В пакете оказались соевые конфеты местного производства — такими конфетами отоваривали карточки вместо сахара. Все съедобное и сладкое, что могло и должно было попасгь в конфеты, на фабрике работяги слопали и унесли, пустив в производство лишь соевую муку и какую-то серу или смолу. Когда конфету возьмешь на язык, она по мере ее согревания начинает набухать, растекаться, склеивать рот так, что его уж не раздерешь, и чем ты больше шевелишь зубами, тем шибче их схватывает массой, дело доходит то того, что надо всю эту сладость выковыривать
Ксения получила соевые конфеты на студенческую карточку и — не выбрасывать же добро — послала допризывнику гостинец, как тонко воспитанный человек, она к пайковым конфетам сунула в пакетик горстку клубничных карамелек довоенного производства.

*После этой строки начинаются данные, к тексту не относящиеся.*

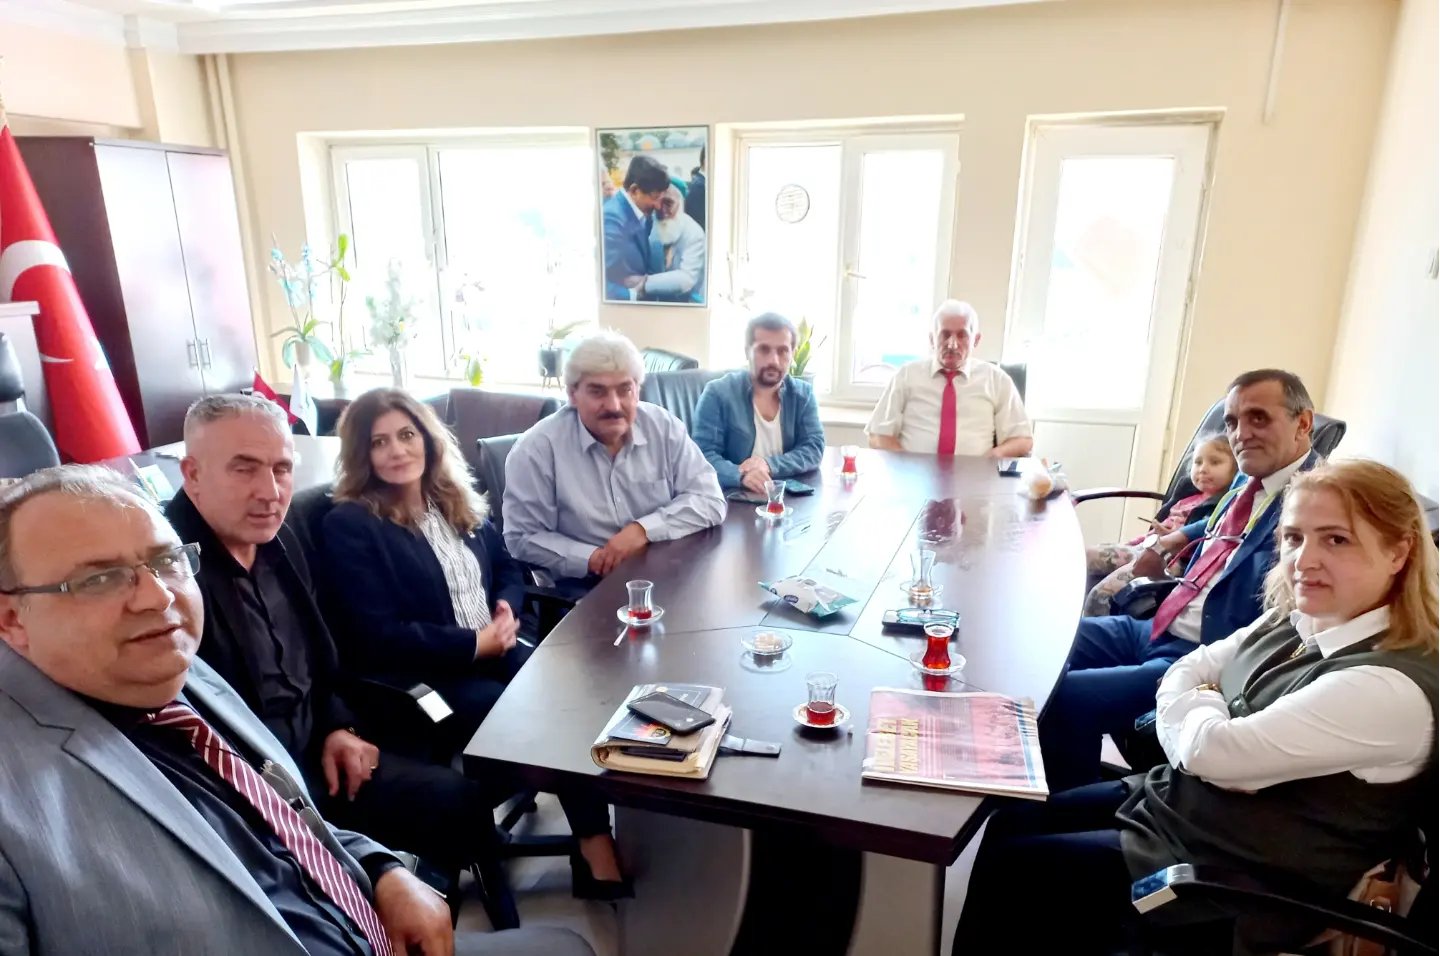 Manşet Marmara Gazetesi,Batı Yakası Medya sahibi Bülent Kömürcü İl binamizda misafirimiz oldu

И вот, занявши третью полку в полупустом вагоне, я лежу, сунув мешок под голову с последней в нем буханкой хлеба, да поглядываю через полуоткрытое, на зиму не заделанное окно да посасываю карамельку.
Нас отправляли в Новосибирск пассажирским поездом — этакая роскошь по военному времени!
Провожающих нет. Никто не пел и не плакал. На станции и на перроне шла будничная жизнь, война сделалась привычной, отъезд на войну — делом обыденным. Но я все же грезил: возьмет да кто-нибудь из наших, деревенских, прибежит. Или… Вот уж блажь так блажь — возникнет Ксения, да при всем-то сером, неинтересном народе руку подаст, всего мне хорошего пожелает.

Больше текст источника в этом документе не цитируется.